Here’s how to use it:
- Download Clever Cleaner from the App Store (no signups here).
- Open the app and go to the Heavies tab. It’ll scan your photo library and pull up a list of the biggest files.
- Swipe to preview and mark the videos you want to delete. The app shows the total size of everything you’ve selected right under the delete button, so you’ll know exactly how much space you’re about to free up. Want to remove everything in one go: tap Select All in the top right corner.
- Once you’ve made your decision, tap Move to Trash. Then tap Empty Trash and confirm. That’s it, the files are gone.
It’s one of the fastest ways to get rid of large leftovers that the Messages app doesn’t catch. Plus, you can use all the other features for free too, like cleaning up similar photos, clearing out old screenshots, converting Live Photos into stills to save space, and using the Swipe feature to quickly delete images one by one.

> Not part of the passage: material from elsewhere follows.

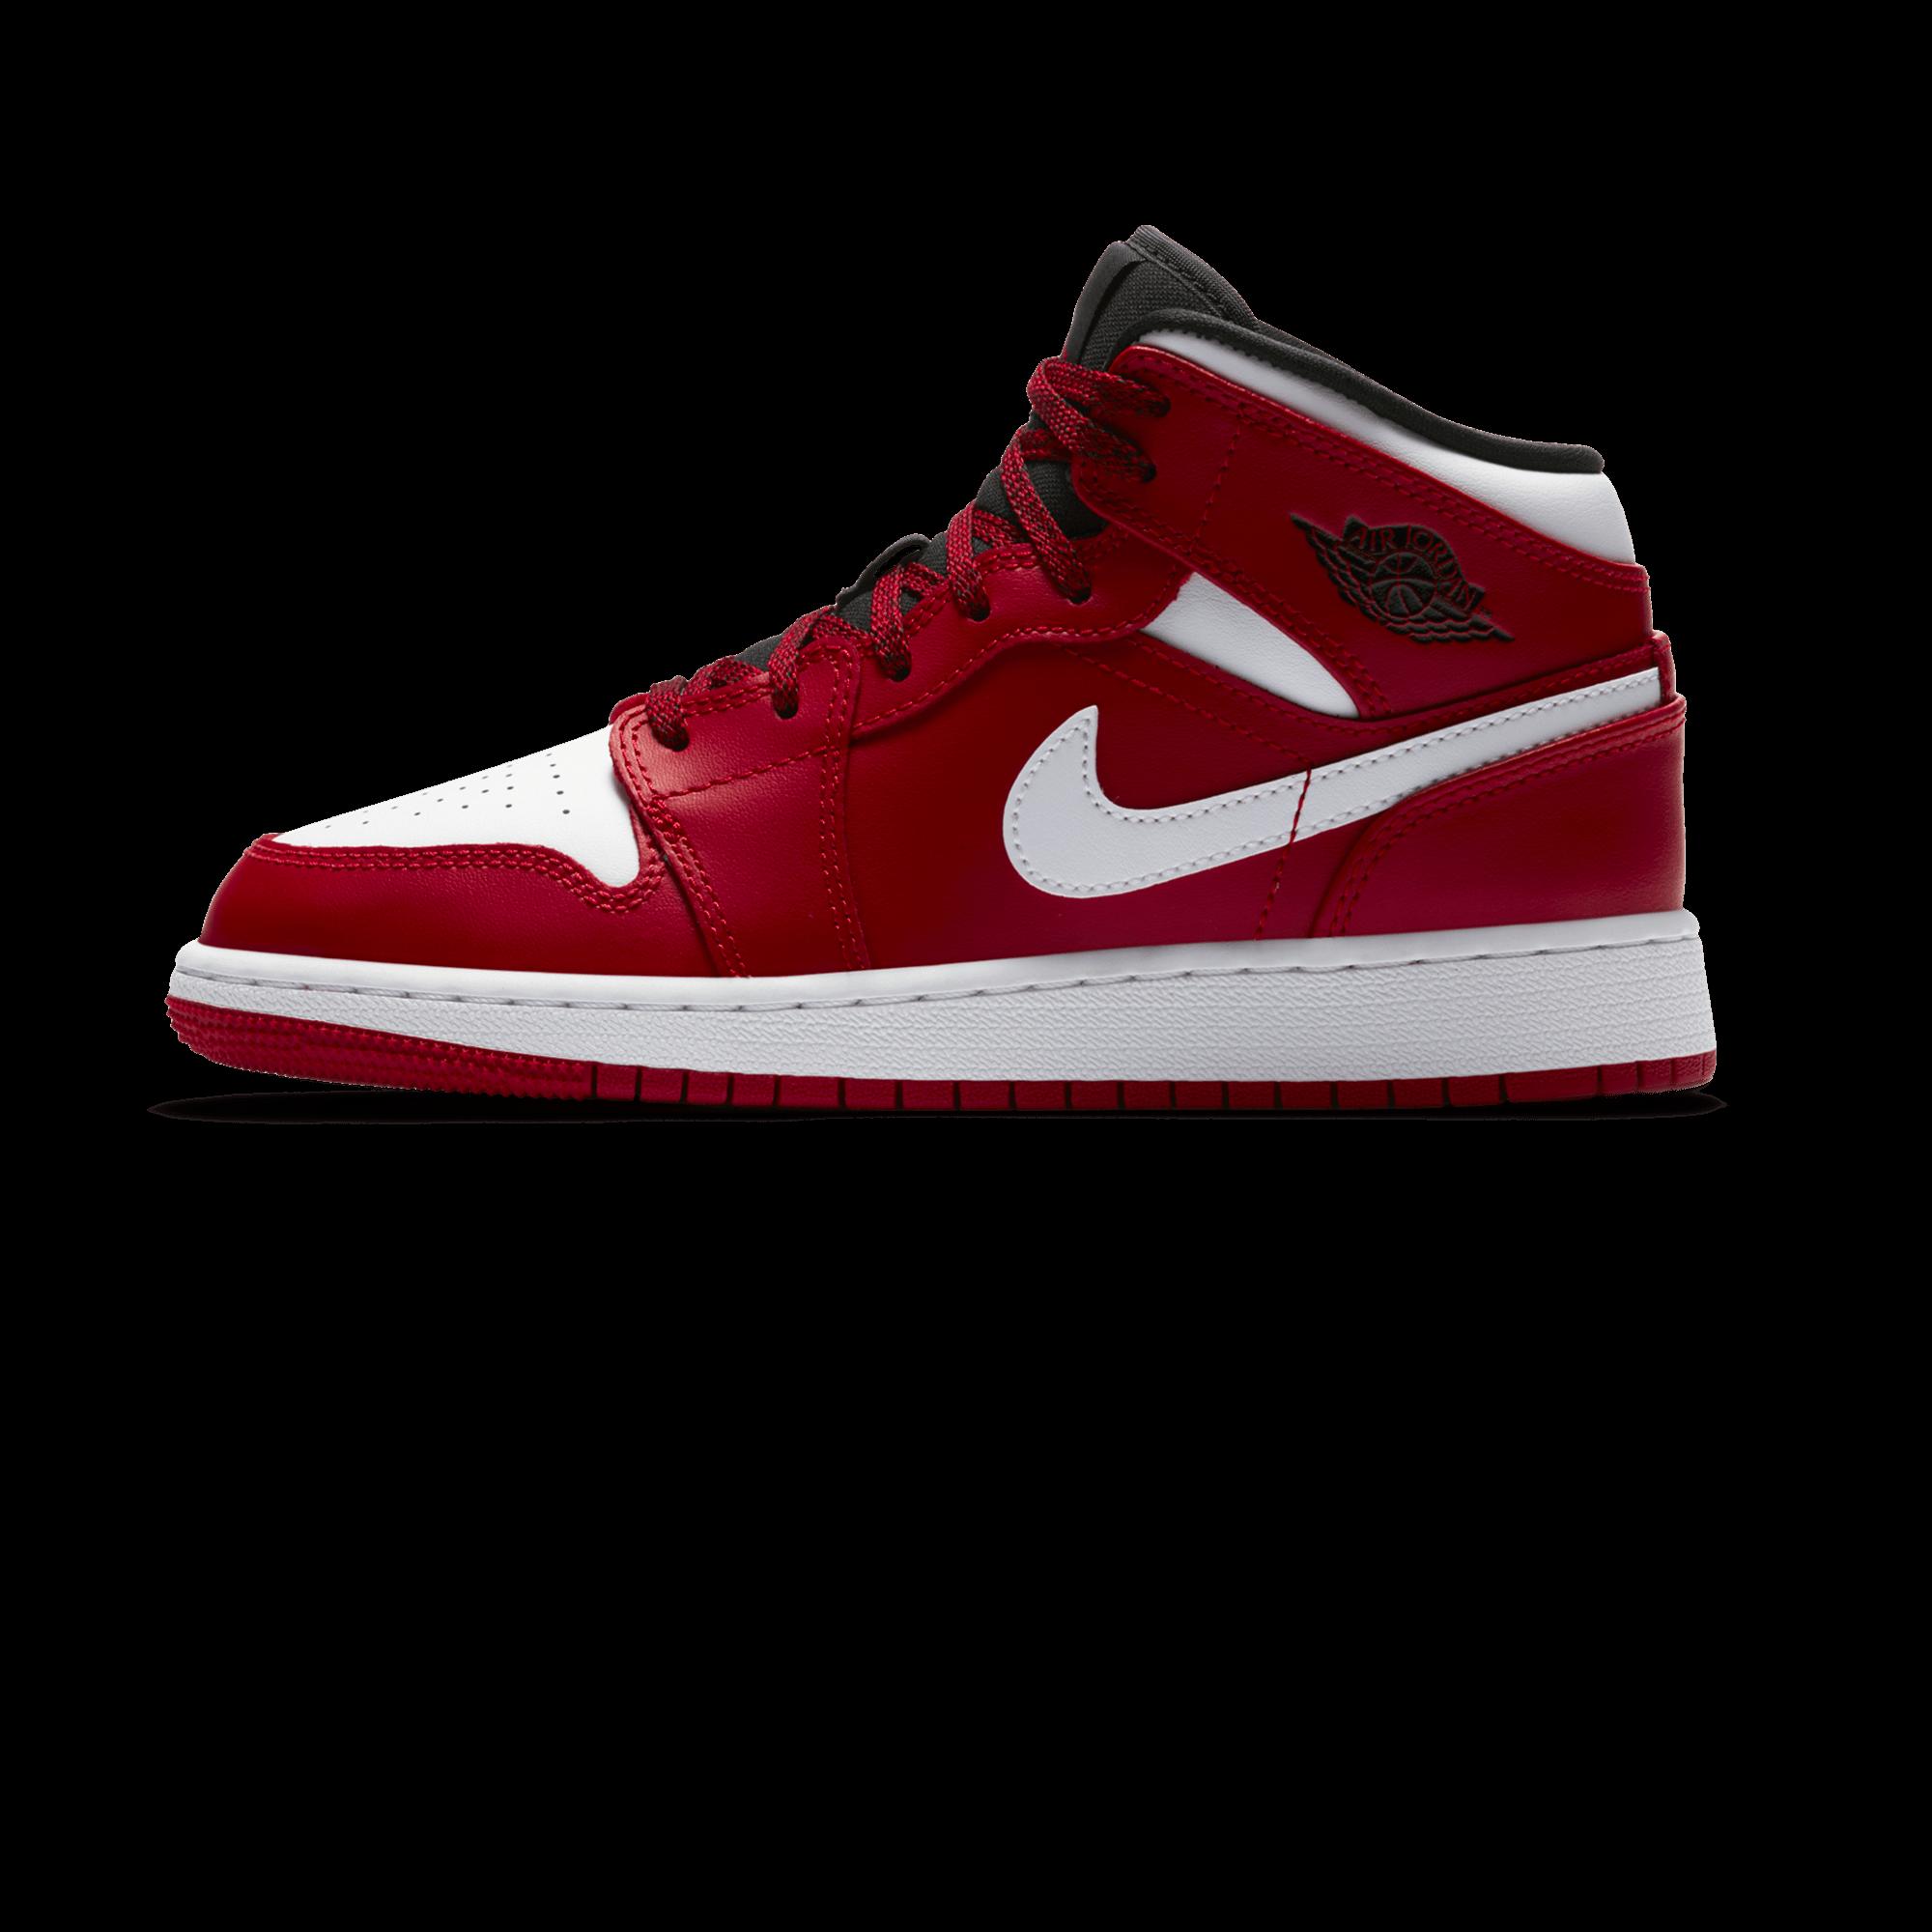 separation shoes 06faf 40497 Air Jordan 1 Mid GS gym red / white / black - Kids | Holypopstore.com

Everything’s straightforward.
Final Tips
By now, we hope you know how to deal with large attachments on iPhone. But for the sake of being thorough, there are a couple more things worth checking before you call it done.
- First, head to the Recently Deleted section in the Messages app. When you delete messages or attachments, they
don’t vanish right away; they hang out in that folder for up to 30 days unless you manually clear them. Open
Messages, tap Edit in the top left, then Show Recently Deleted. From there, you can permanently delete
everything or recover anything you changed your mind about.
Then do the same in the Photos app. If you deleted saved media that was in your photo library (whether manually or using an iPhone cleaner app) it’s still taking up space until you clear the Recently Deleted. - Tip two, if you utilize Messages in iCloud, don’t forget to check iCloud. When you delete items on your iPhone, they are removed from iCloud as well (though, there may be a slight delay). Files sometimes linger longer than necessary due to sync delays. A manual sync can be done by toggling Messages in iCloud off and then on again in Settings.
- And finally, you may want to consider enabling auto-delete for your older messages. This can be done in Settings > Messages and then select “Keep Messages.” This can be set to 30 days or 1 year instead of ‘Forever’ so that iOS will delete all older conversations with all corresponding attachments. Just be warned that these deleted messages will truly be irretrievable. If there are important messages you want to keep, you will need to back them up first.